OnStar is amazing technology, simple but amazing. The amazing thing is that it is a single button push for "all things location" at least as far a vehicle is concerned. Need directions? Push the OnStar button. Concerned about traffic? Push the OnStar button. Need help with a flat tire? Push the OnStar button. It's what all high-tech things should aspire to be!
The incident involving Senator Bob Corker's (R-Tennessee) daughter is illustrative of both the advancements and advantages of location-based services (LBS). The Senator's daughter was assaulted and yanked out of her car when stopped at an intersection on the night of December 2, as reported by the Associated Press. The vehicle was equipped with OnStar. Police used OnStar's service to catch the carjackers and return the car later that night.
In a similar incident in October, OnStar's Stolen Vehicle Slowdown feature was used to capture another carjacker in Visalia, California. In this case, OnStar was able to slow the vehicle to idle speed with Remote Ignition Block whereby the vehicle is slowed but brakes and steering remain functional until the police can identify the vehicle.

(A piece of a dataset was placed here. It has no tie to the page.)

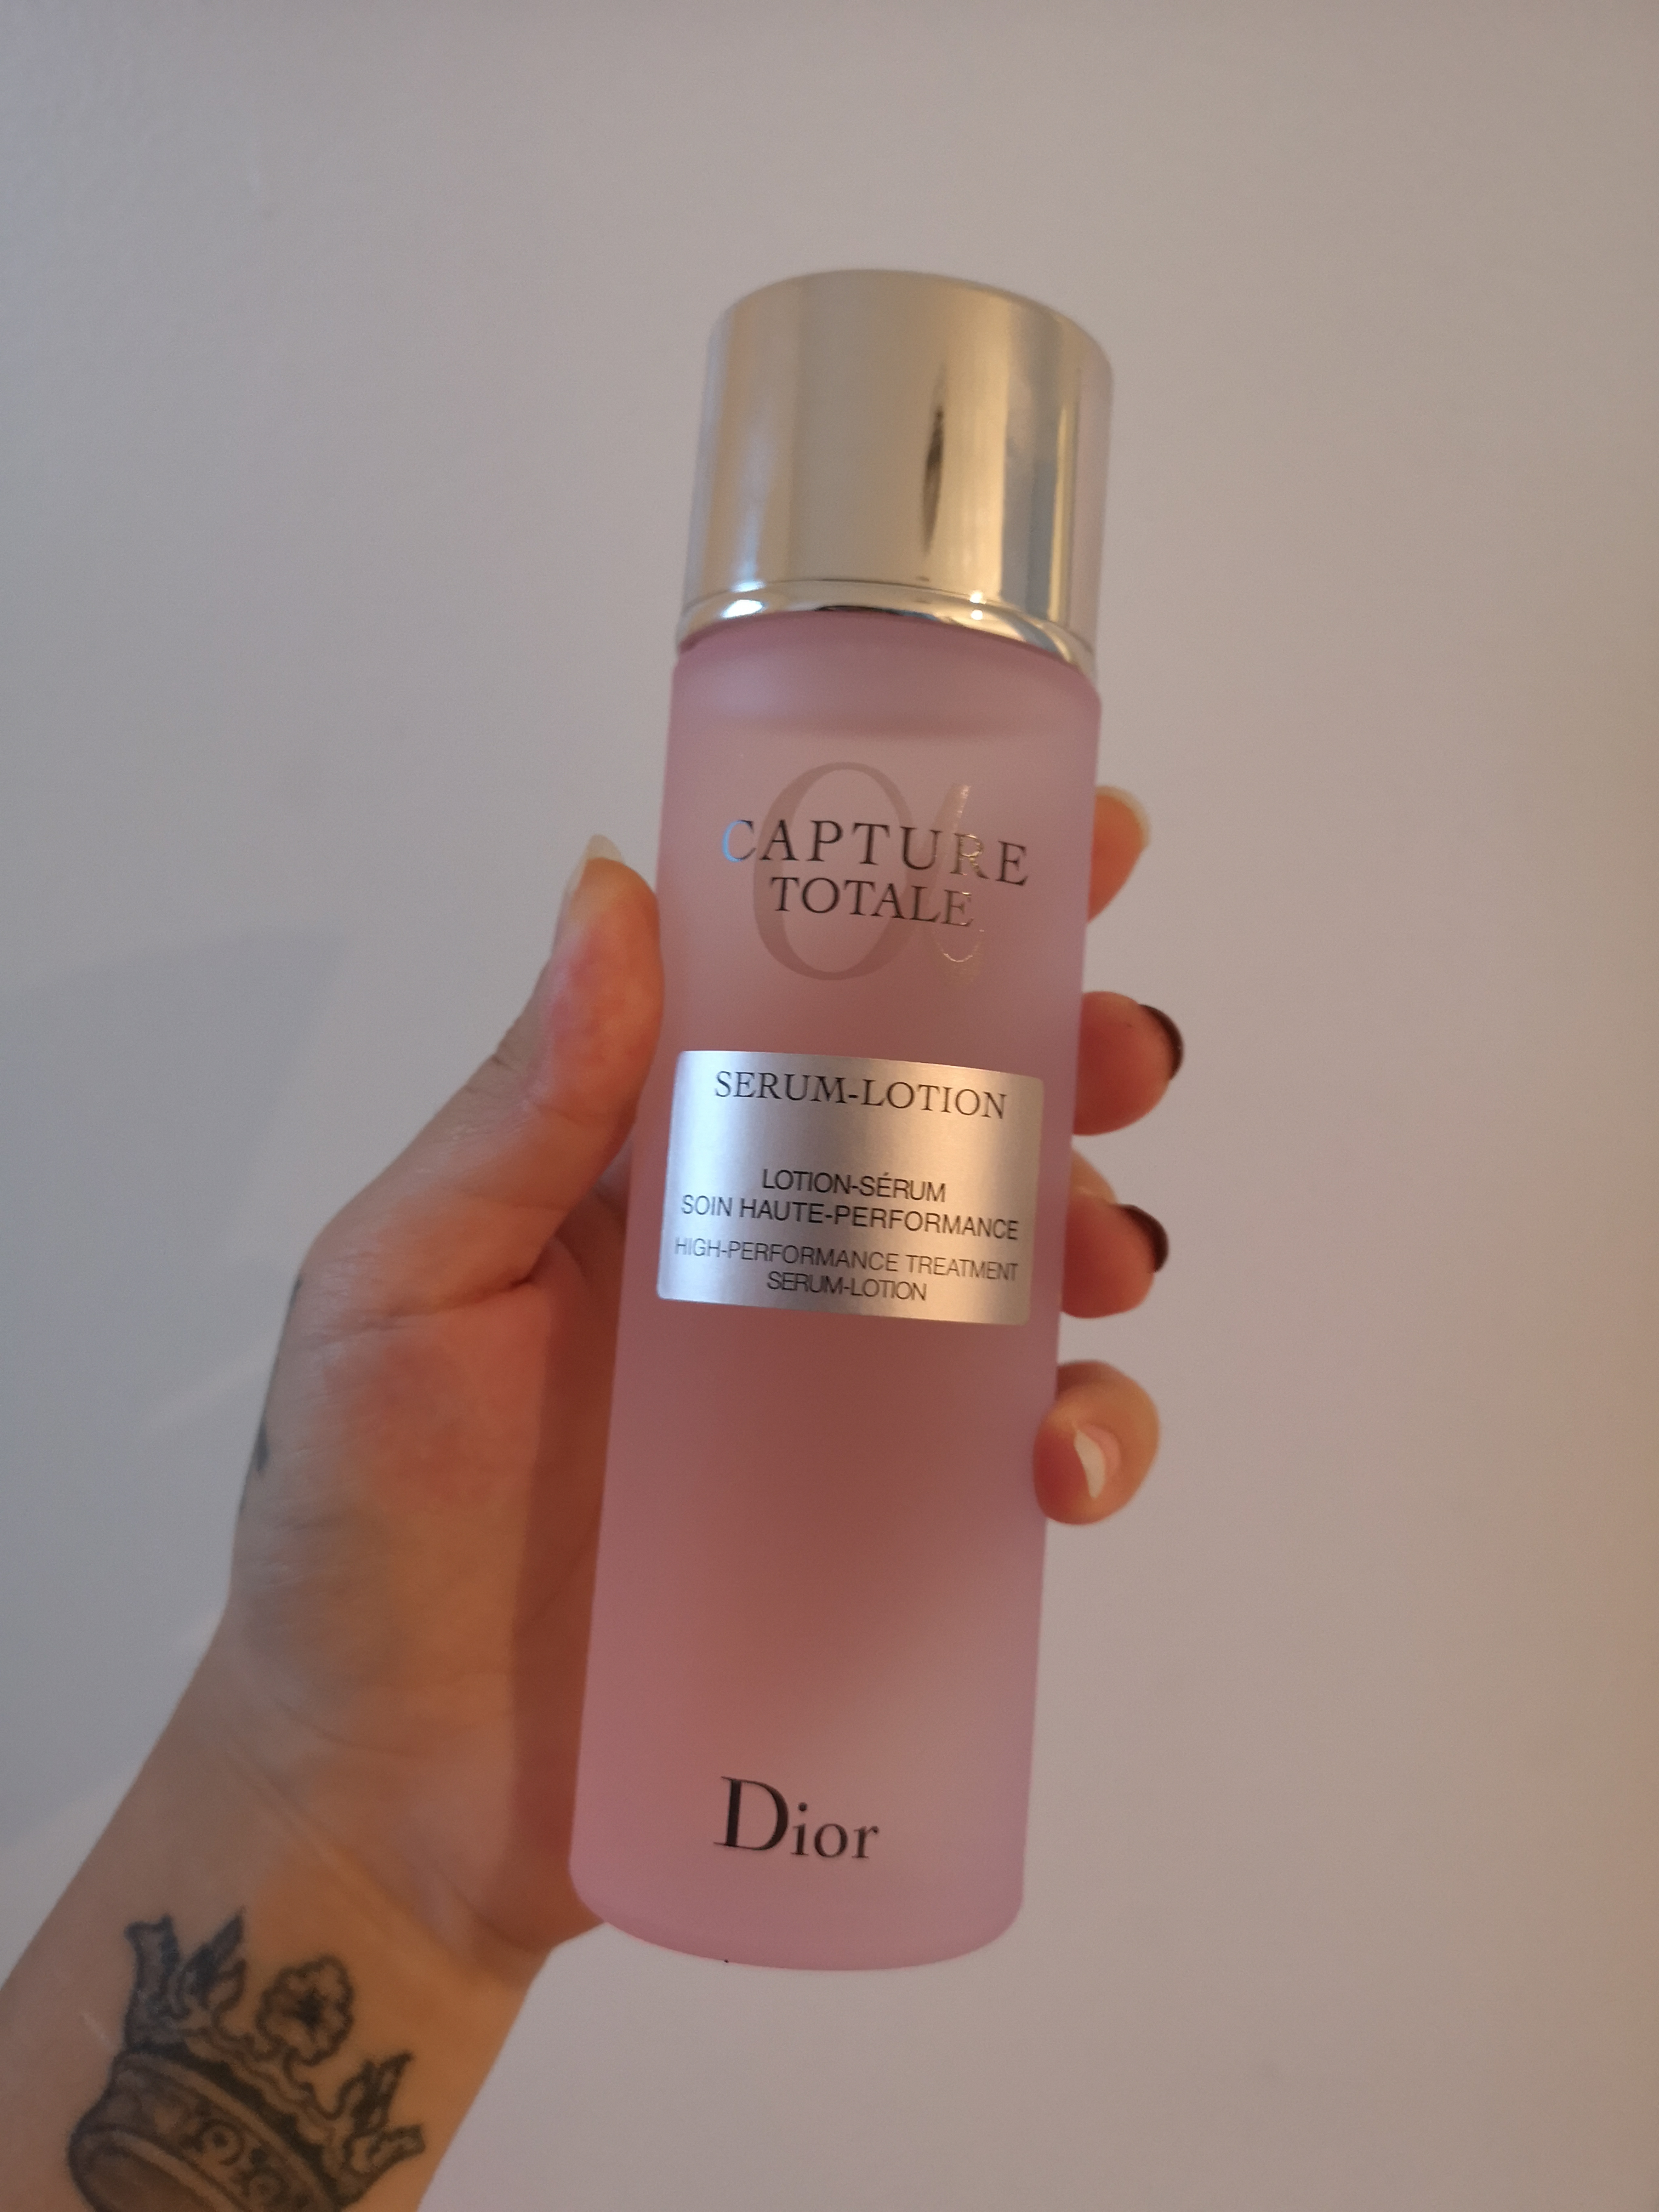 Dior Capture Totale Serum Lotion Review 
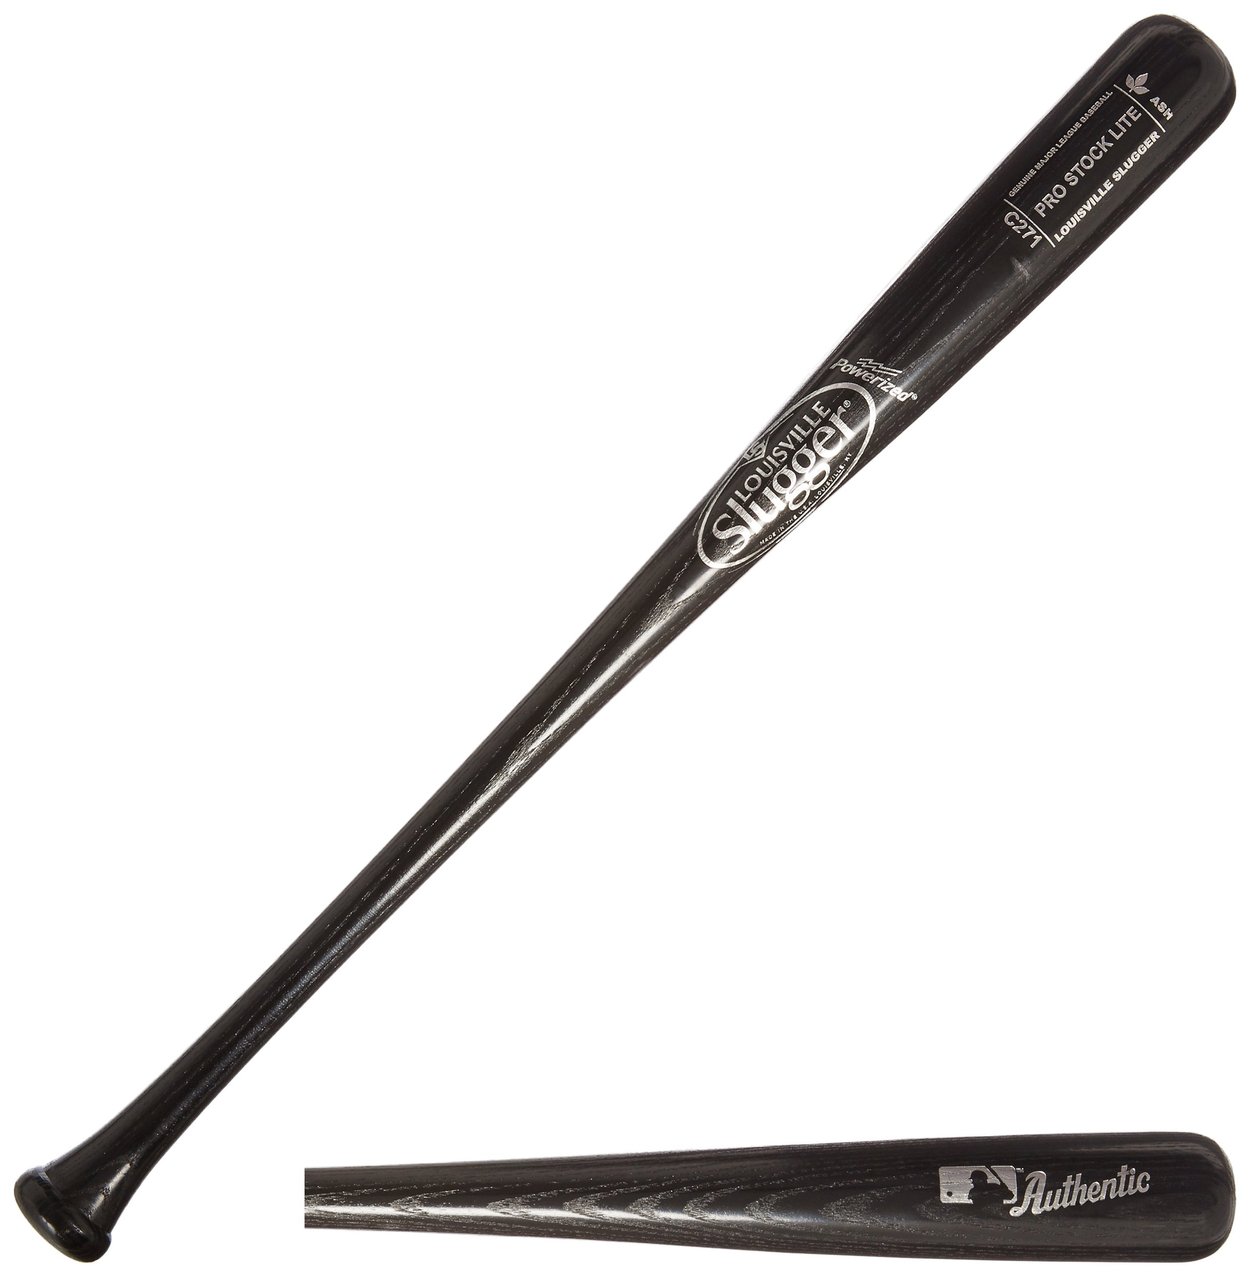 The Louisville Slugger Pro Stock Lite Wood Bat Series is made from flexible, dependable premium ash wood, and is guaranteed to have a -3 drop or lighter (This model is guaranteed -5). Despite a lightweight feel, the Pro Stock Lite maintains all the durability of heavier models with the flexibility you expect from an ash bat.

The media love's these kind of stories but rarely understands all of the possible applications and underlying technology. CNN's Campbell Brown was reporting the story but should have provided some of the statistics such as how OnStar receives some 500 stolen vehicle requests each month. Now, that number seems high but consider that OnStar is usually installed on the more expensive car models. And, according to OnStar, "Subscribers who prefer not to have the Stolen Vehicle Slowdown capability on their vehicle may contact OnStar to opt out of the service at any time." But why? Privacy? Cost? Seems like a small price to pay for security.
Kudos to GM and OnStar. It continues to be the shining "star" of LBS apps.